We also clarify that while pre-injury evidence of a pre-existing condition- whether objective or subjective-is helpful, it is not necessary so long as the worker can demonstrate through "objective diagnostic findings, objective clinical findings, or objective test results" that the preexisting condition was substantially aggravated by the injury. R.C. 4123.01(C)(4)
{¶ 16} While Dr. Giagordis fails to use the term "objective" in his testimony, he clearly references objective clinical x-ray findings performed on the appellee.
{¶ 17} We will note that the appellant's expert reached a contrary conclusion as to the existence of femoral acetabular impingement.
{¶ 18} The fact that the evidence or testimony is subject to different interpretations does not mean the judgment is against the manifest weight of the evidence. State v. Adams, 2d Dist. Greene Nos. 2013-CA-61 and 2013-CA-62, 2014-Ohio-3432, ¶ 24.
{¶ 19} When conflicting evidence is presented at trial, a verdict is not against the manifest weight of the evidence simply because the fact finder believed the testimony of the plaintiff's witness. See State v. Conner, 192 Ohio App.3d 166, 2011-Ohio-146, 948 N.E.2d 497 (6th Dist.).
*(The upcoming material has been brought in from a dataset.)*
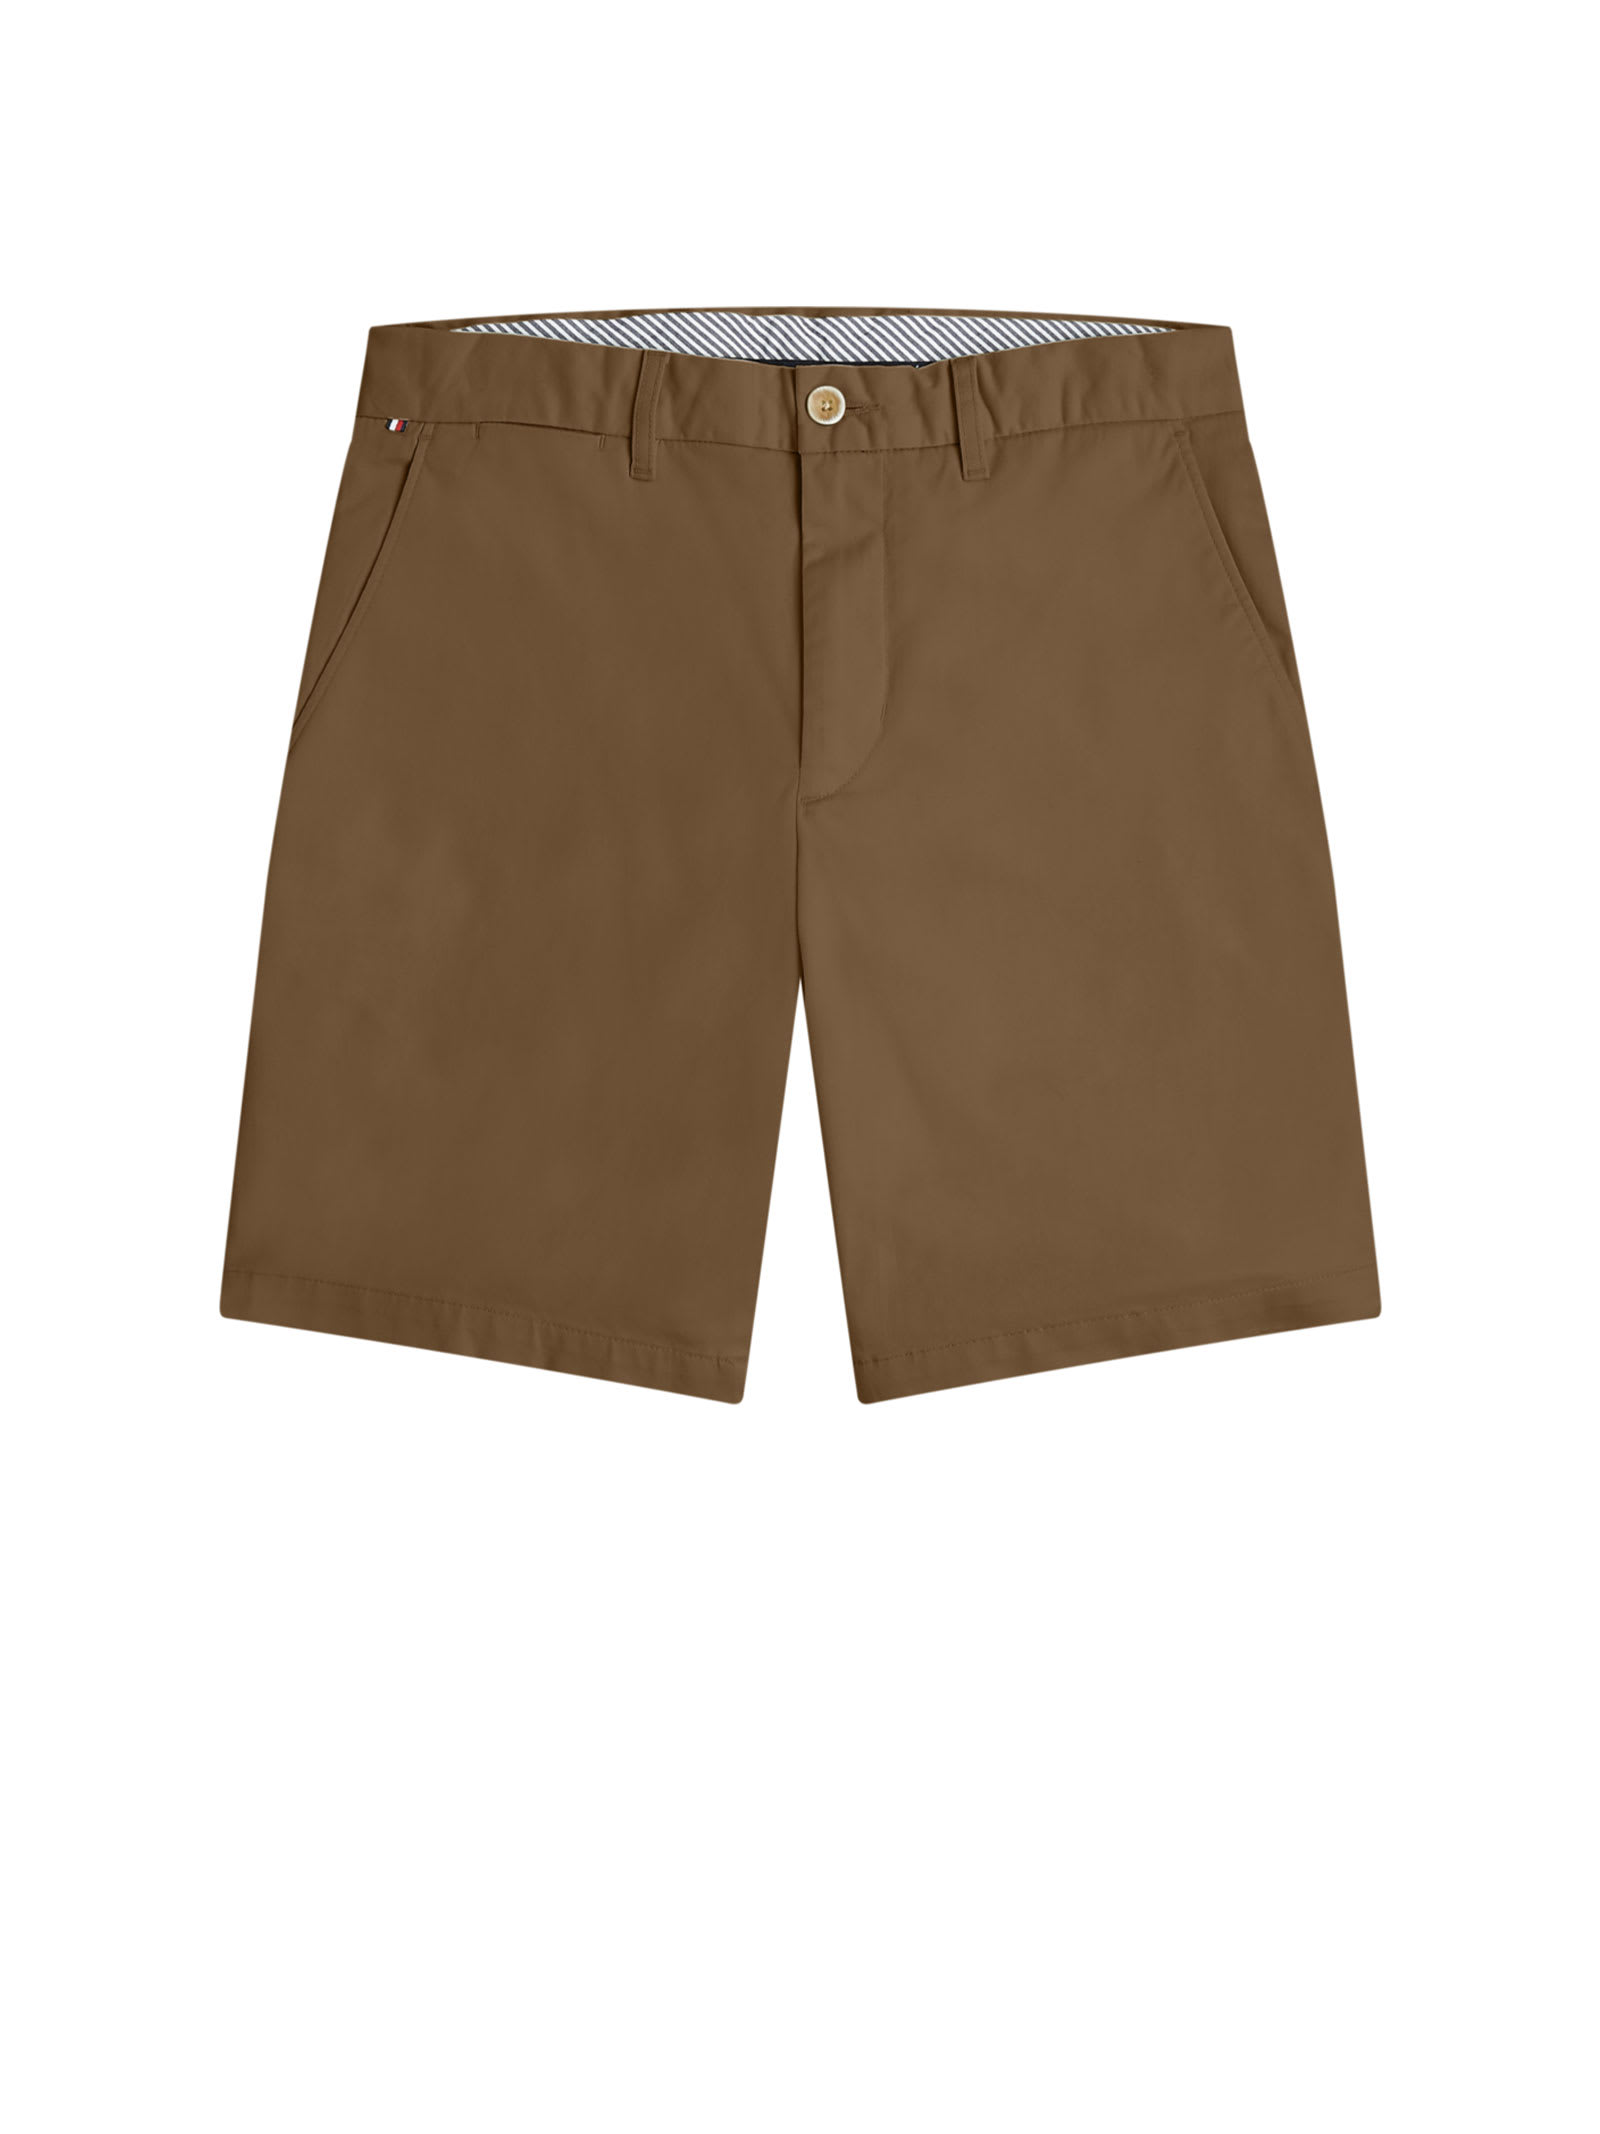 Tommy Hilfiger Brown Cotton Bermuda Shorts

The trier of fact is best able to view the witnesses and observe their demeanor, gestures, and voice inflections, and use these observations in weighing the credibility of the proffered testimony. State v. Schwamberger, 6th Dist., Lucas No. L-13-1236, 2014-Ohio-4733, ¶ 21, citing State v. Wilson, 113 Ohio St.3d 382, 2007-Ohio-2202, 865 N.E.2d 1264, ¶ 24.
{¶ 20} In this case, the jury, acting as the trier of fact, listened to the testimony of both sides and credited Dr. Giagordis and his opinion. Believing the testimony of Dr. Giagordis that the appellee suffered a substantial aggravation of a pre-existing acetabular impingement did not create such a manifest miscarriage of justice that the outcome must be overturned and a new trial ordered. This is not the exceptional case in which the evidence weighs heavily against the outcome. Thompkins, 78 Ohio St.3d at 387, 678 N.E.2d 541, quoting State v. Martin, 20 Ohio App.3d 172, 175, 485 N.E.2d 717 (1st Dist.1983).
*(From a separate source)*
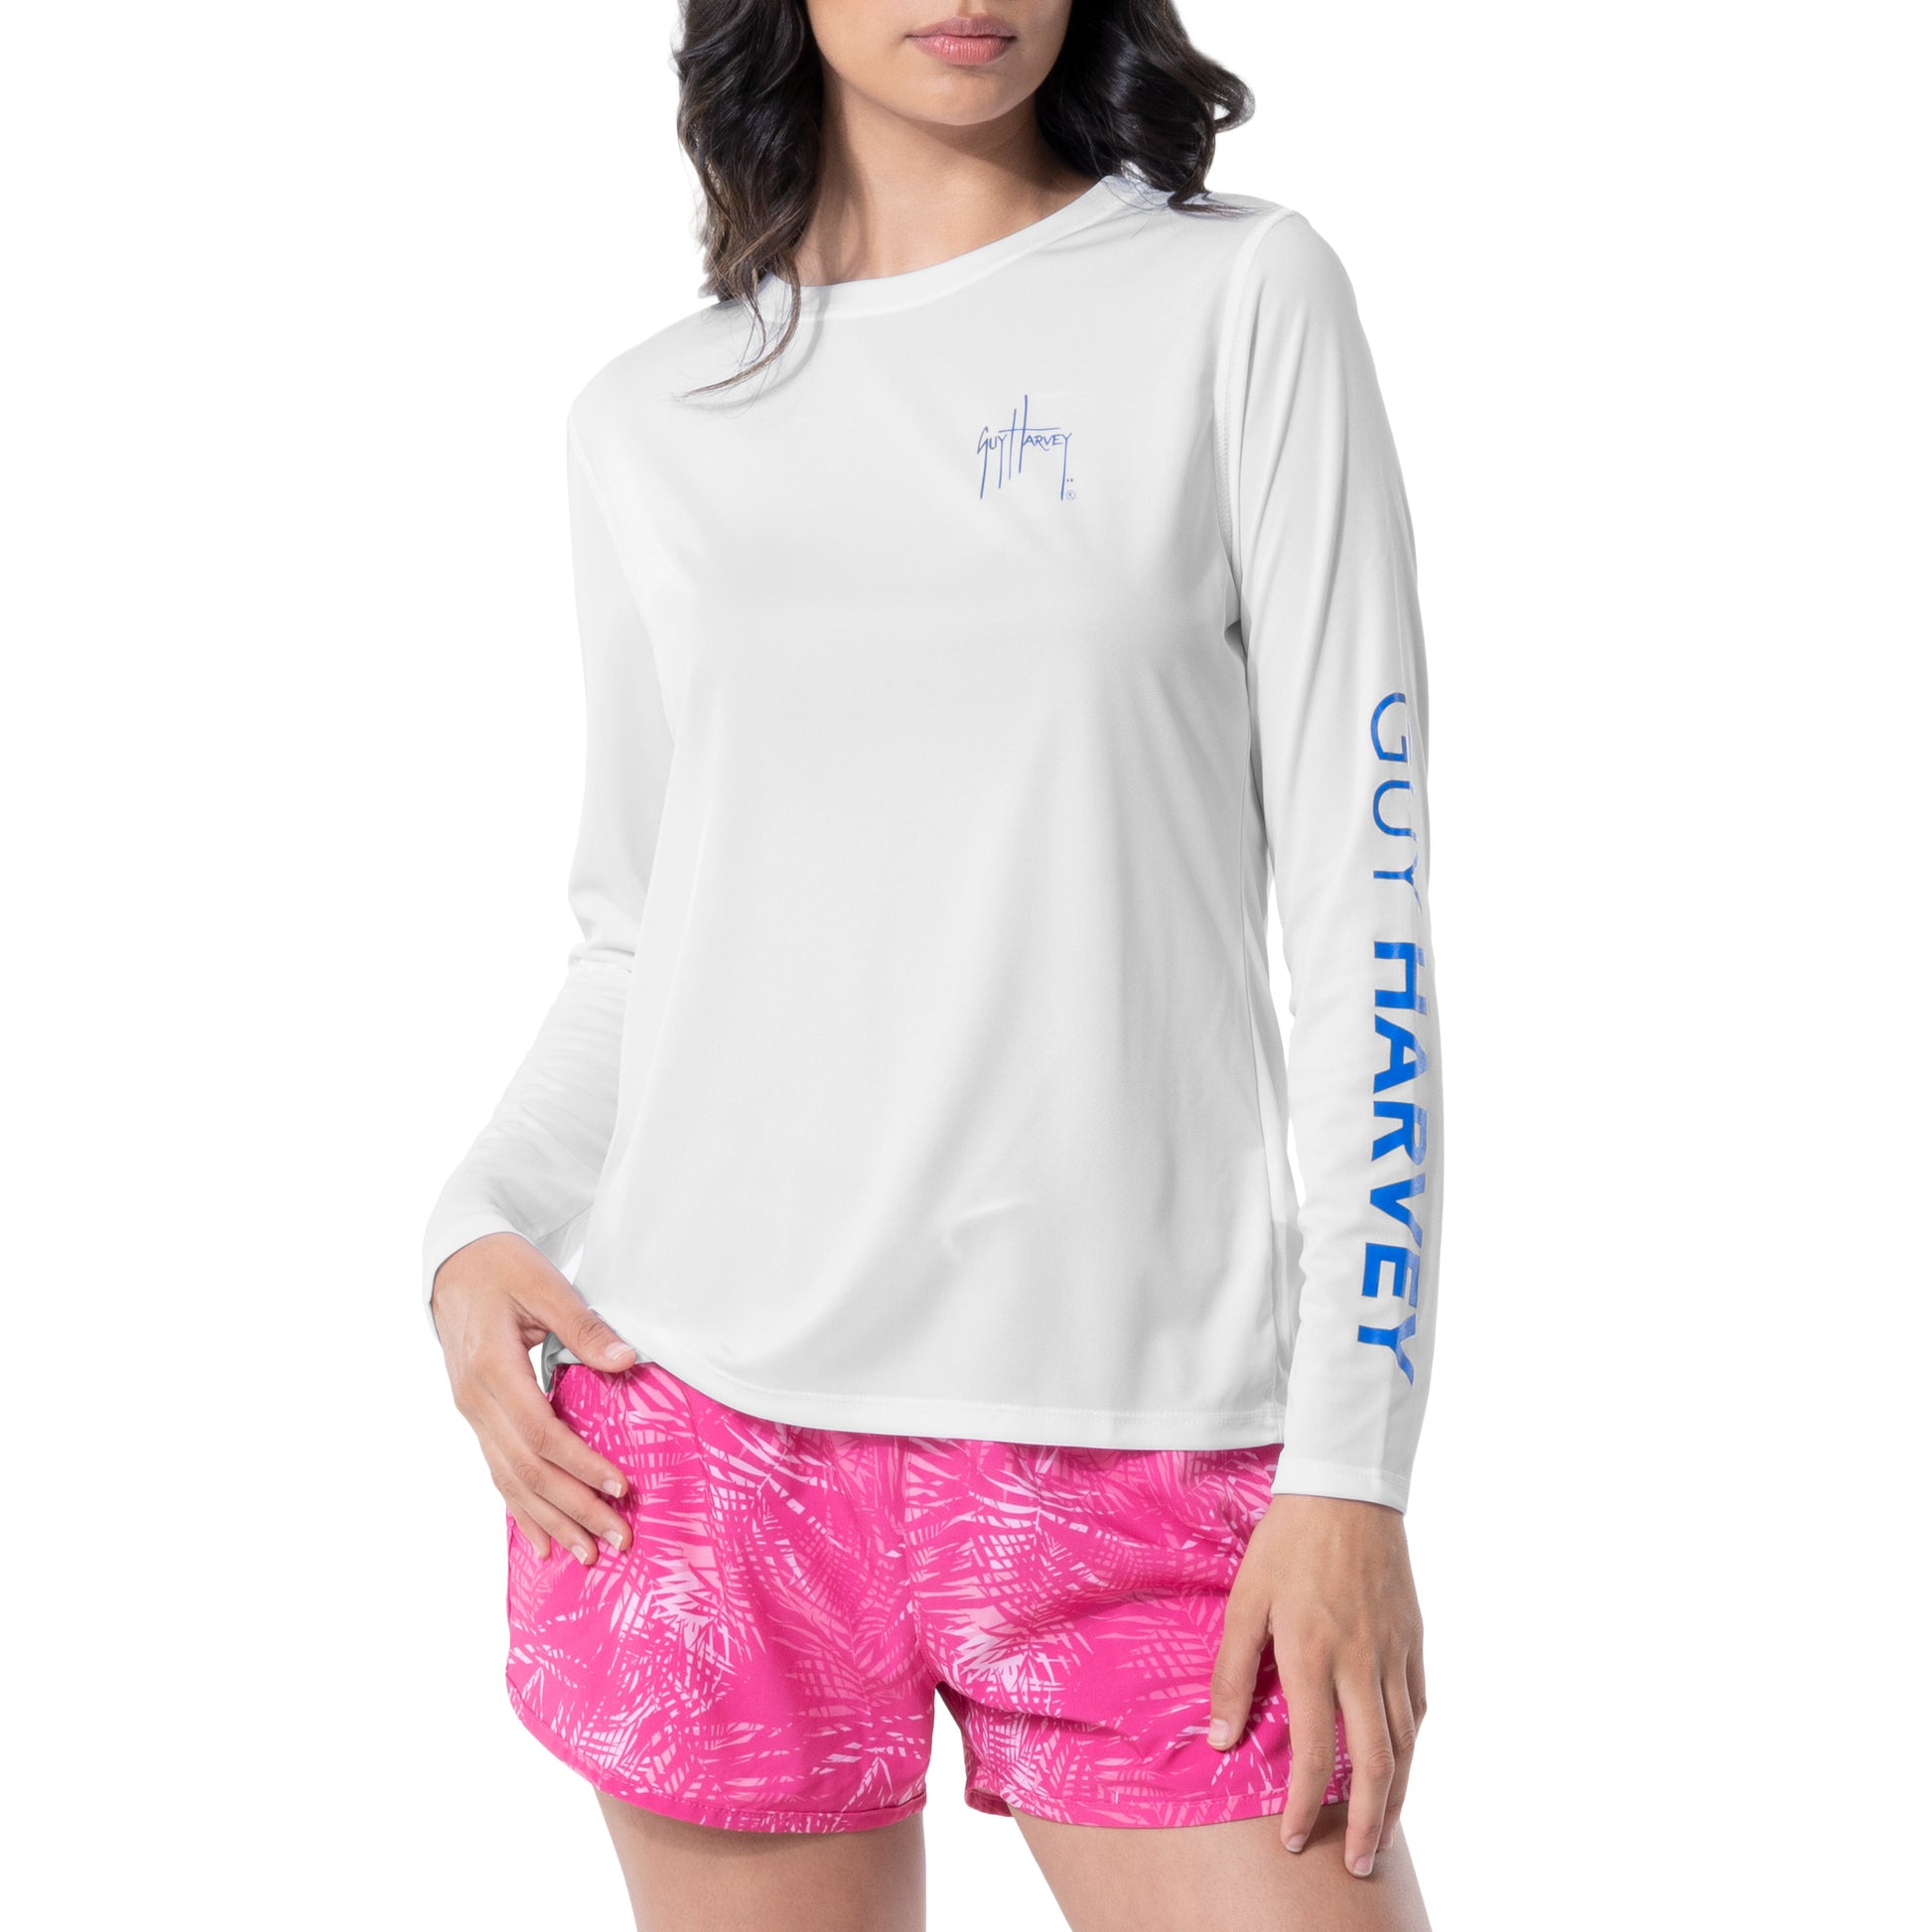 Women’s UPF 50+ Long Sleeve Fishing Shirts FS21W, Peach Amber / 2X-Large

{¶ 21} We find no evidence that the fact finder lost its way or created a manifest miscarriage of justice in this case despite conflicting testimony. Accordingly, we defer to the jury's conclusion and overrule appellants' sole assignment of error.
Conclusion
{¶ 22} For the foregoing reasons, the judgment of the Lucas County Court of Common Pleas is affirmed. Costs of this appeal are assessed to FCA pursuant to App.R. 24.
Judgment affirmed.
A certified copy of this entry shall constitute the mandate pursuant to App.R. 27. See also 6th Dist.Loc.App.R. 4.
Thomas J. Osowik, J., Myron C. Duhart P.J., Charles E. Sulek, J. CONCUR.